Together with numerous lighter (yet stronger) components, the new tyres and brakes transformed the bike. The Brompton was faster and more reliable than ever, and the new prices reflected this: £441 for the basic 3-speed L3, rising to £613 for the rear-rack and dynamo-equipped T5.

The revamped bike met with universal acclaim and rising sales but, just as financial and operational security appeared to have been achieved, the company suddenly faced bankruptcy.

Although most of the complex components on the Brompton were made in-house, the company had relied from the outset on a British company for the highly reliable hub gears fitted to every model. In September 2000, the unthinkable happened and Sturmey Archer, based in Nottingham for the best part of a century, was forced into bankruptcy. Having made no allowances for such an eventuality, the company was left with the very serious problem of what to fit on its bikes.

Fortunately, the company was now large enough to attract new suppliers and the best option came in the form of a 3-speed hub produced by SRAM in Germany. Andrew secured as many Sturmey hubs as he could, buying vital time for the Brompton to be reengineered around the SRAM, with production moving seamlessly over to the new hub in March 2001.

However, SRAM's 5-speed hub proved impractical and the loss of Sturmey's 5-speed hub left a gap in the Brompton range. The solution took a year to engineer: taking advantage of the chain tensioner - fitted to every bike to enable folding - Andrew and the team produced a neat 2-speed derailleur. Fitting the new derailleur to the SRAM 3-speed gave six evenly-spaced gears; although the gear range was a little smaller than that on the old 5-speed, it was both a stronger and more efficient design. The first 6-speed was despatched from the factory in April 2002, orders having been placed even before it went into production.

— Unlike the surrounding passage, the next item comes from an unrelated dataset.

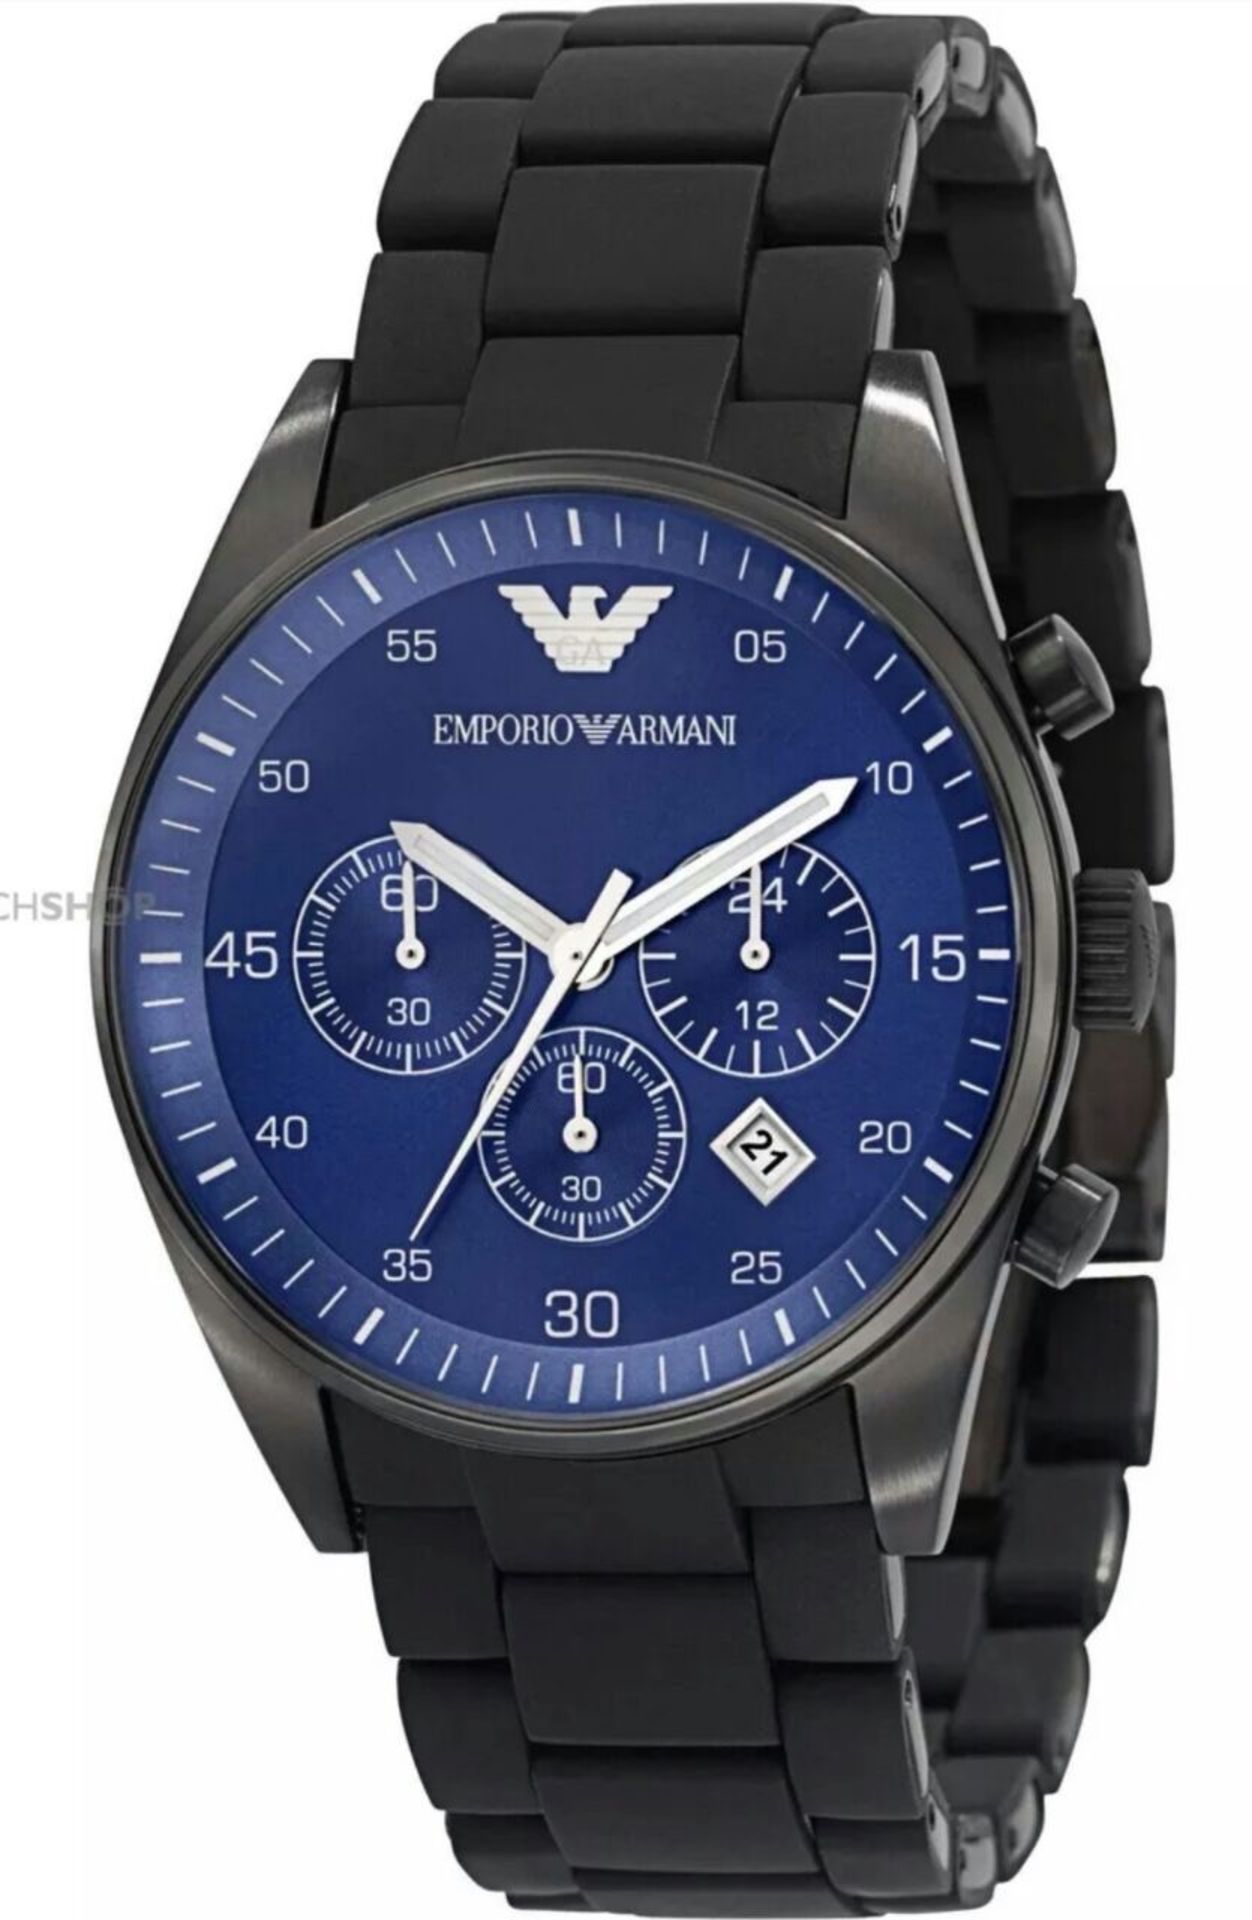 BRAND NEW EMPORIO ARMANI AR5921, GENTS SPORTIVO CHRONOGRAPH WATCH, BLUE FACE AND BLACK SILICONE OVER

Sturmey Archer was to rise again under Taiwanese ownership and Brompton, wary of again being over-reliant on one supplier for such a critical part, now takes hubs from both Sturmey and SRAM.

Some re-engineering and re-tooling in 2003 allowed the company to extend the wheel-base by a few centimetres, further increasing the stability of the ride without compromising the size of the folded package, but this otherwise significant improvement was overshadowed by the raft of developments unveiled in early 2005, when Brompton announced the biggest upgrade in its eventful history, described by Andrew as "a technical and marketing advance far greater than anything we've done since the Brompton was first introduced 17 years ago."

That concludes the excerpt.